I think you can stick a fork in the presidential dreams of John McCain - his campaign is sinking so spectacularly that they can see the shipreck from Canada.
After waiting eight years for a second chance at the Republican presidential nomination, McCain and his famed Straight Talk Express - the moniker given his campaign bus - have officially hit the ditch.
A Wall Street Journal/NBC News poll this week showed McCain, the presumptive Republican front-runner as recently as January, languishing with just 14 per cent support, 15 points behind the front-runner, former New York mayor Rudy Giuliani. According to the nationwide poll, Romney had pulled even with McCain, despite lacking McCain's name recognition.
Worse yet for the 70-year-old senator, he trails Republican actor and lawyer Fred Thompson, a candidate who has still not formally entered the Republican field. "McCain is sinking," says Larry Sabato, director of the Center for Politics at the University of Virginia.
The apparent collapse of McCain's campaign has stunned longtime Republican fundraisers and activists, who only last year scrambled to donate money and sign on as political advisers.
How did it go so wrong? The most obvious reasons for McCain's woes, say analysts, are his unswerving support for the war in Iraq and President George W. Bush's recent troop surge. McCain's unpopular stand has driven away independent voters and moderate Republicans who supported his insurgent campaign against Bush in 2000.

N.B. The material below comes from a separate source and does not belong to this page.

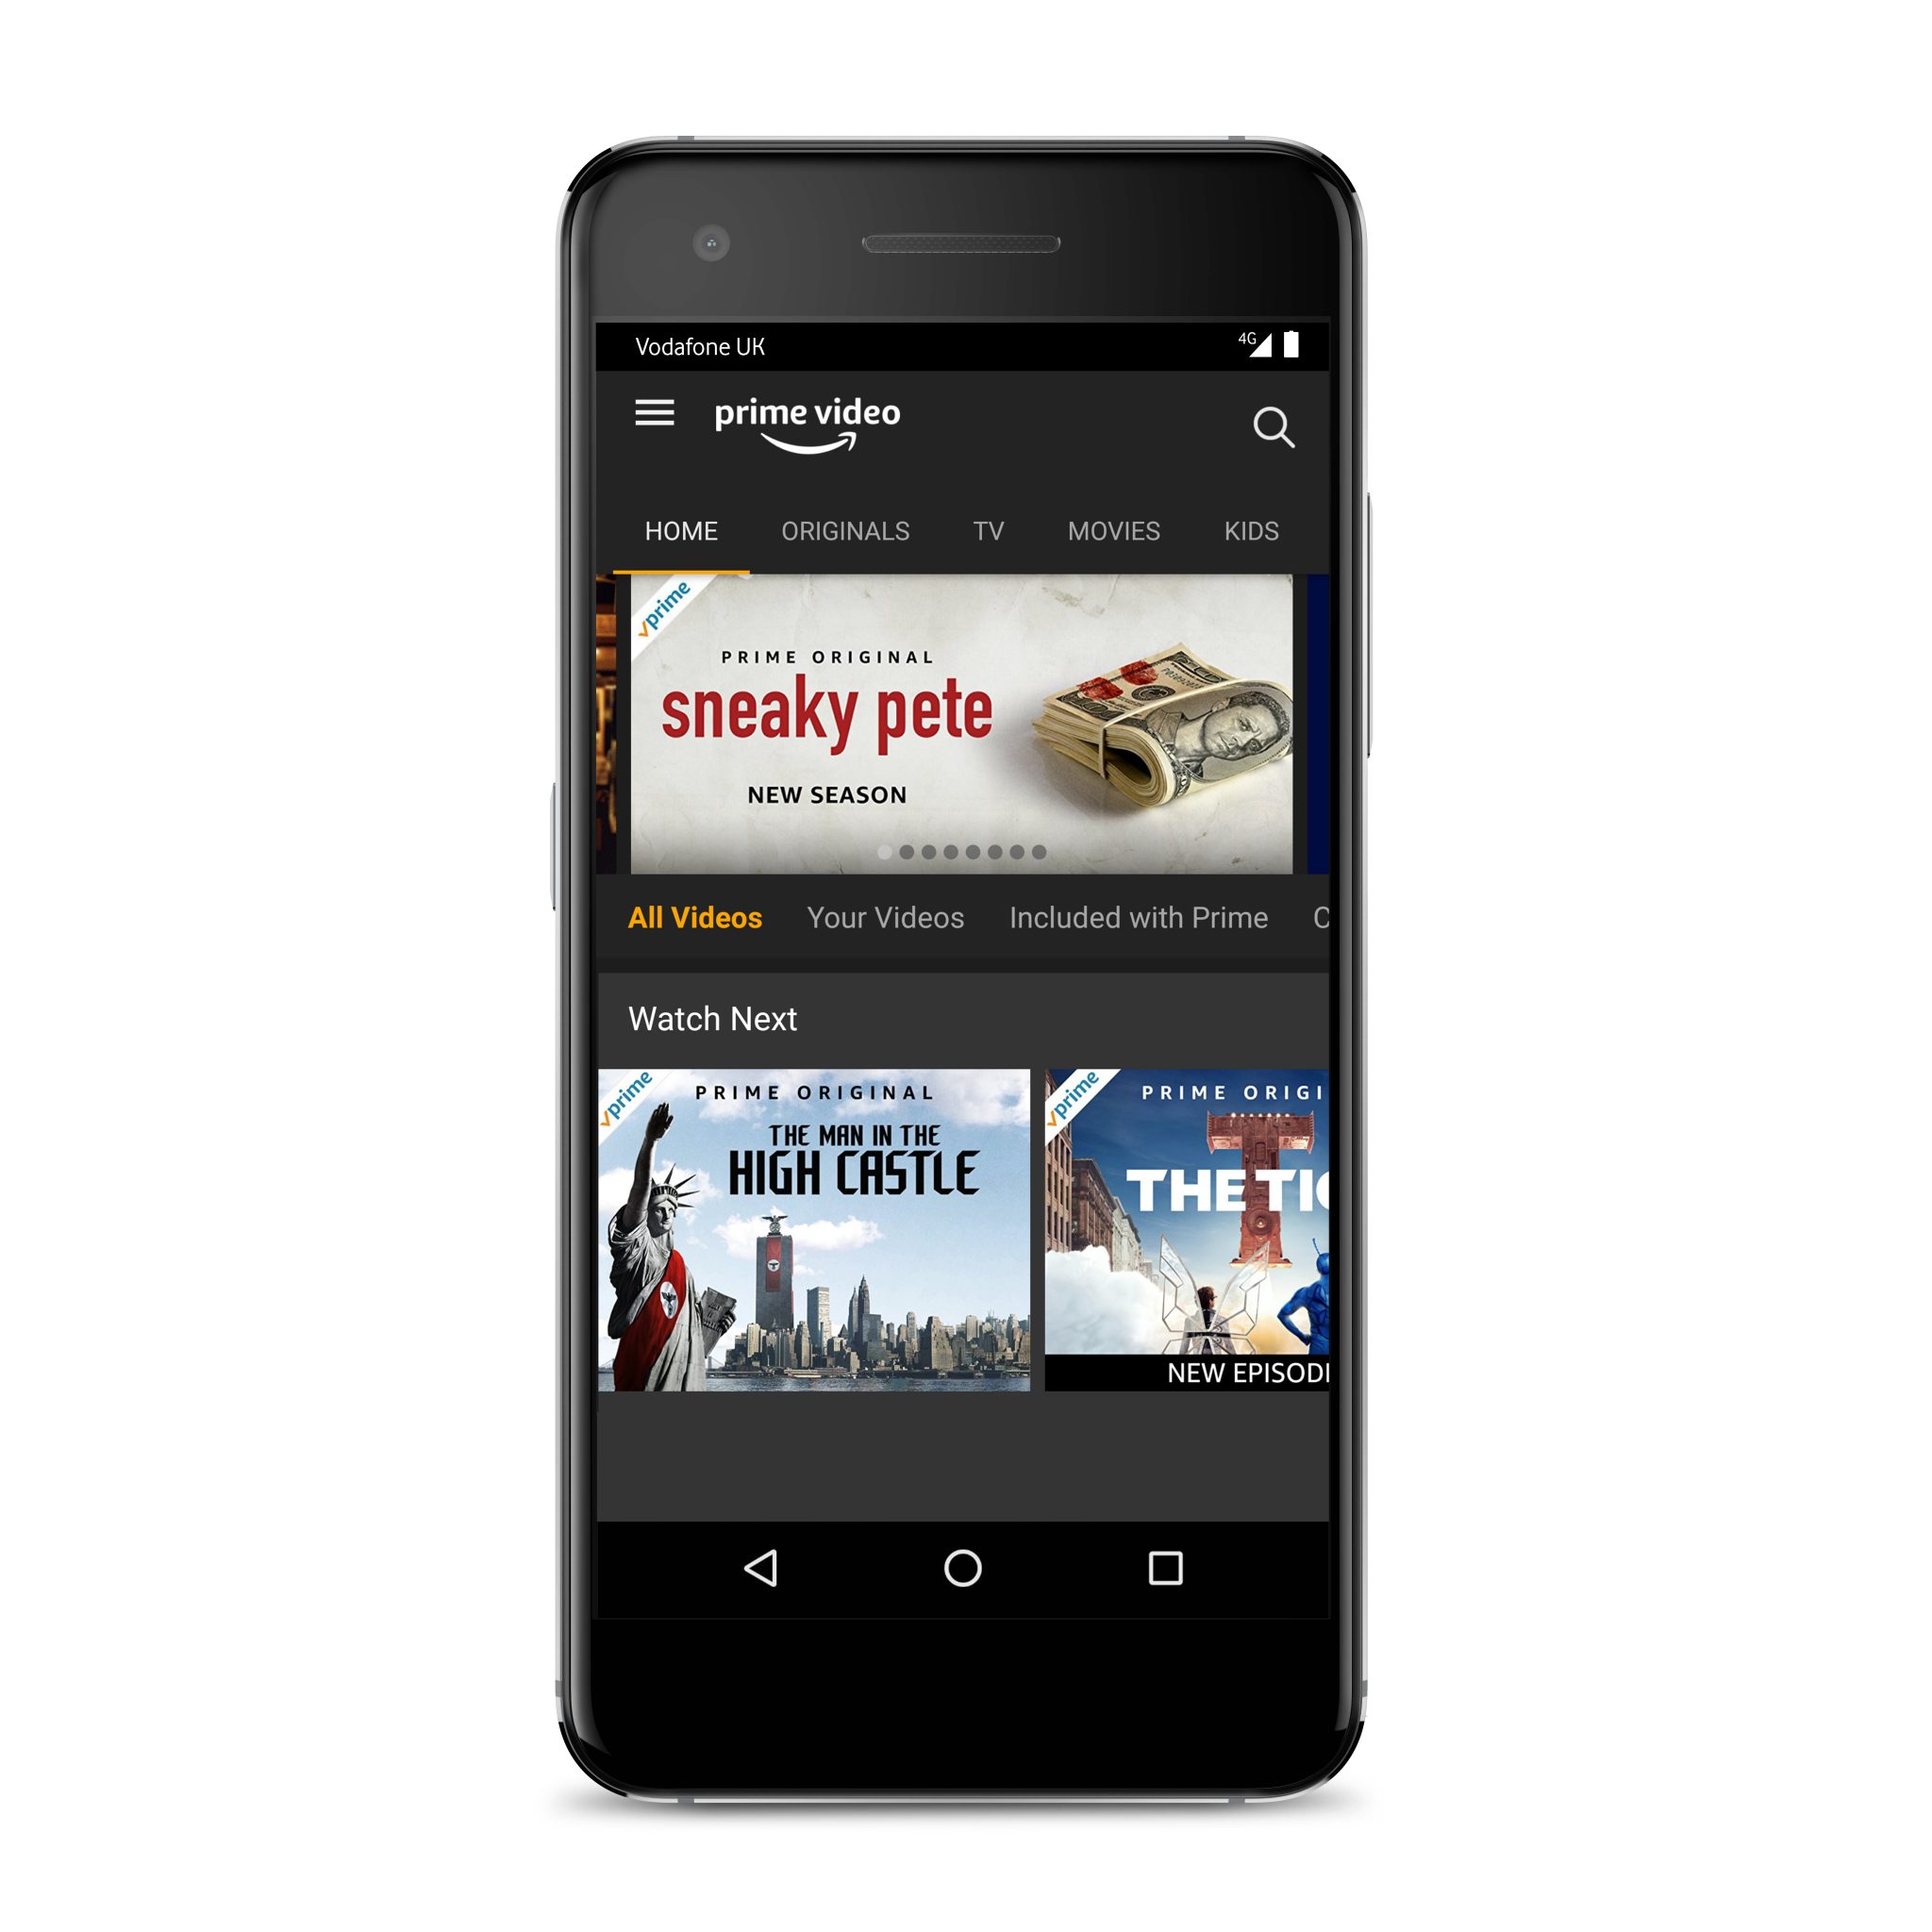 Amazon Prime Video on your mobile

Never popular with Republican conservatives, McCain has recently alienated them further with his outspoken defence of controversial legislation that would give 12 million undocumented immigrants a path to American citizenship.

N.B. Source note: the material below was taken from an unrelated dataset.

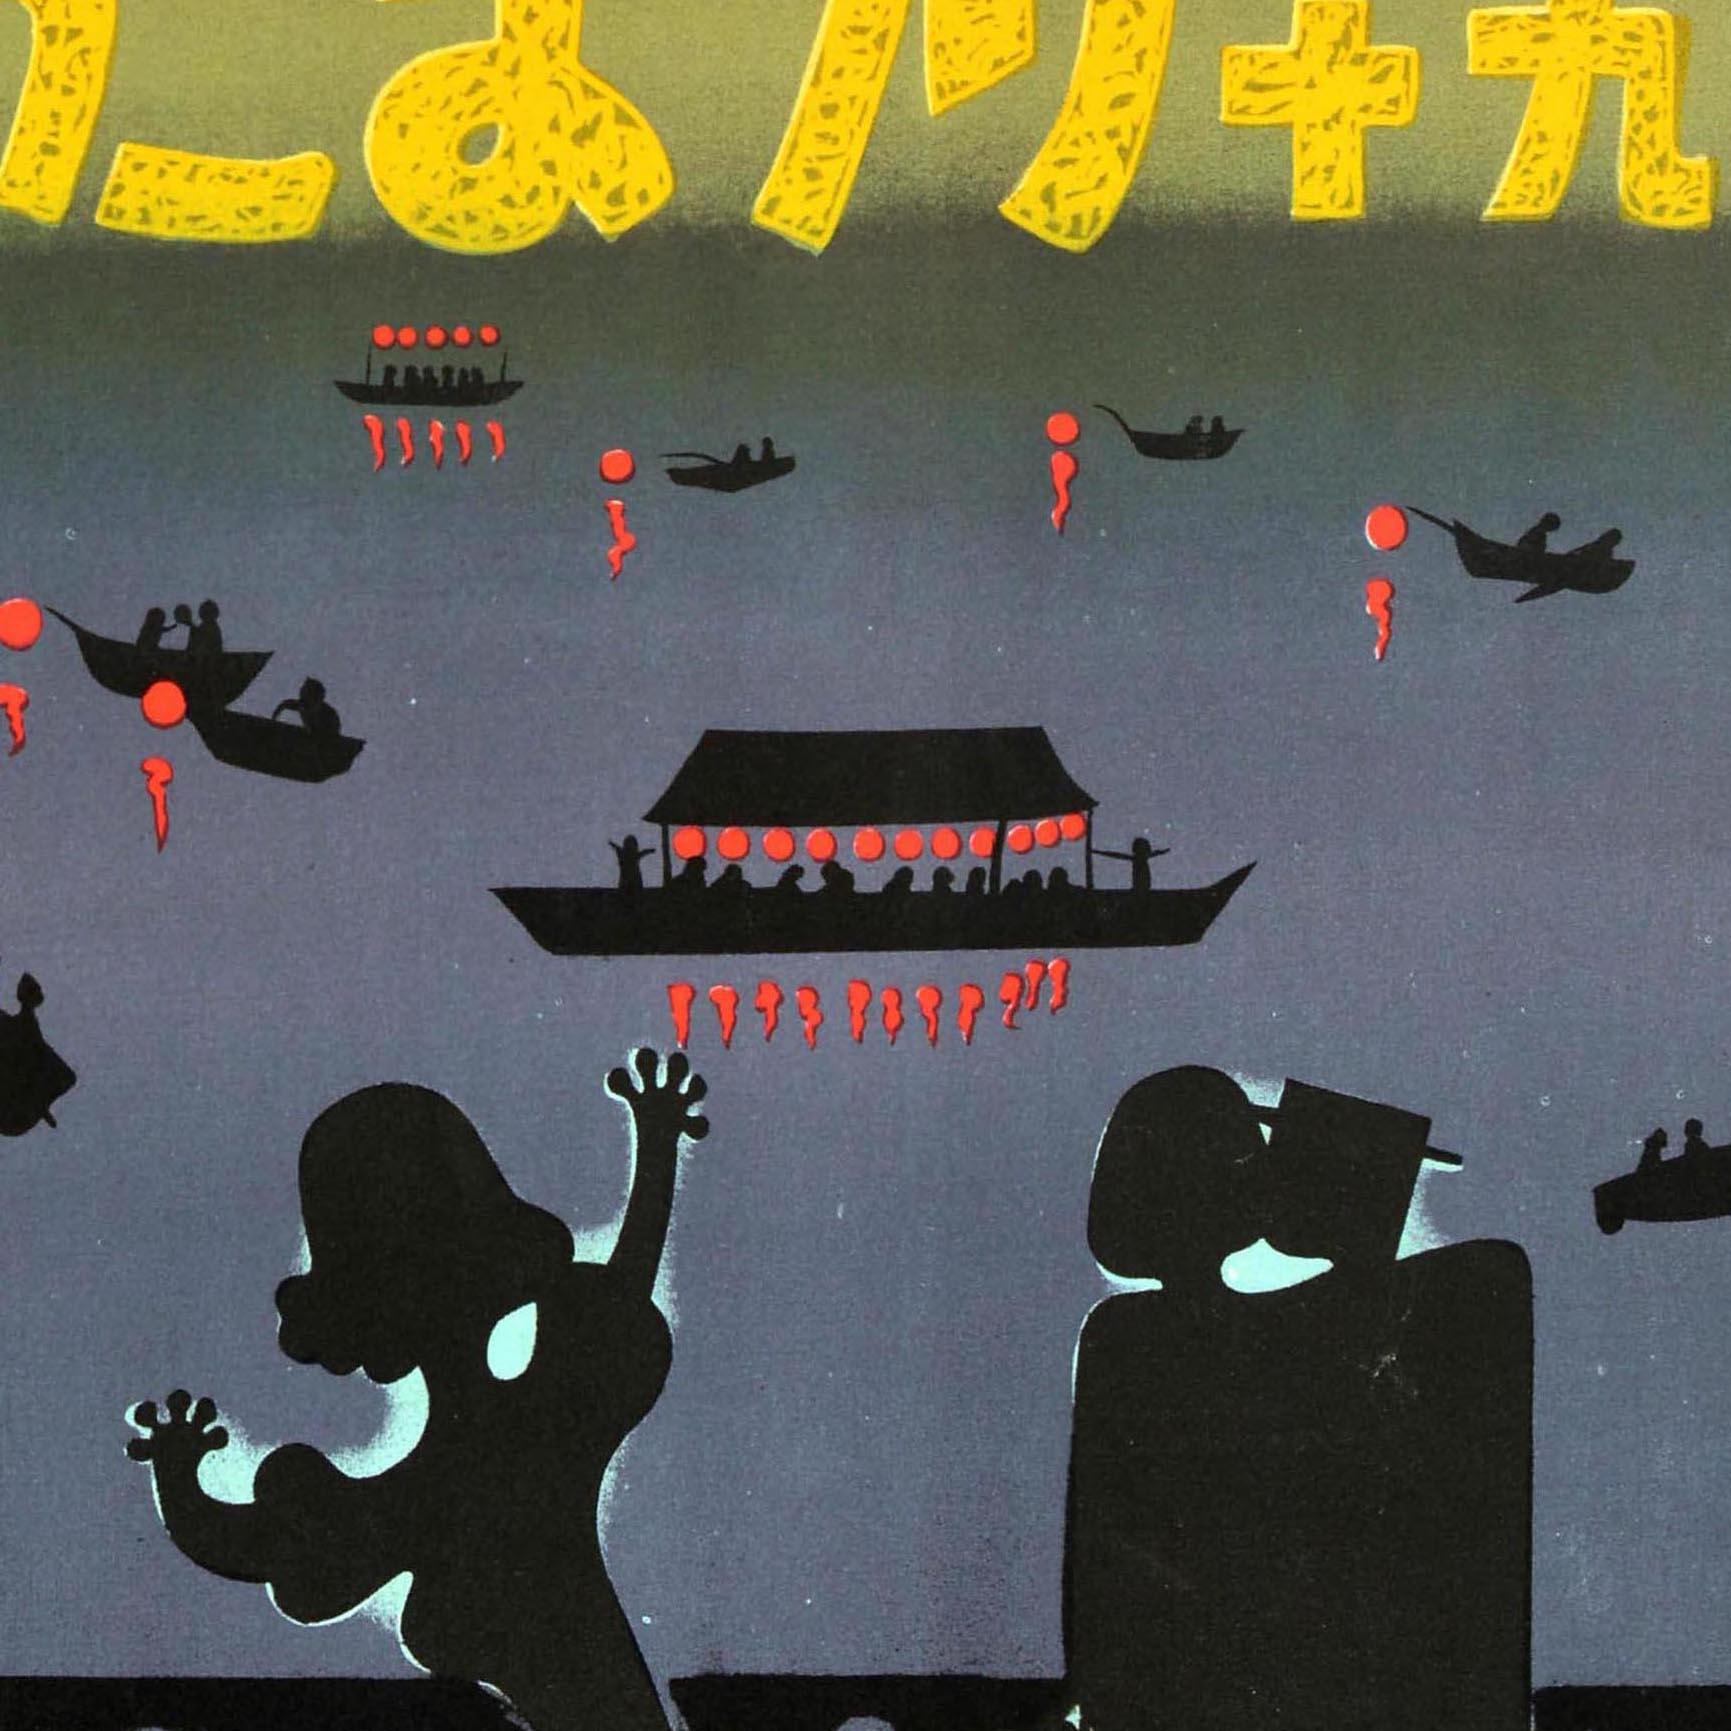 Original vintage travel poster for the Hikone Biwako Great Firework Festival featuring silhouettes of people including children and a cat watching the colourful fireworks over the fresh water Lake Biwa with lanterns reflected on the boats and a

"He is crosswise to conservatives on immigration, and the people who were most excited about him in 2000 - the moderate Republicans - are mad at him on Iraq," observes Cal Jillson, a presidential historian at Southern Methodist University in Dallas. "The political base is just not there for him in nearly the same way it was in 2000, and he's eight years older."
McCain's stand on the war actually would have helped him with most Republicans, but there are other strong candidates in the field in that regard and none of them are trying to ram an unpopular amnesty for illegals down the throats of the American people.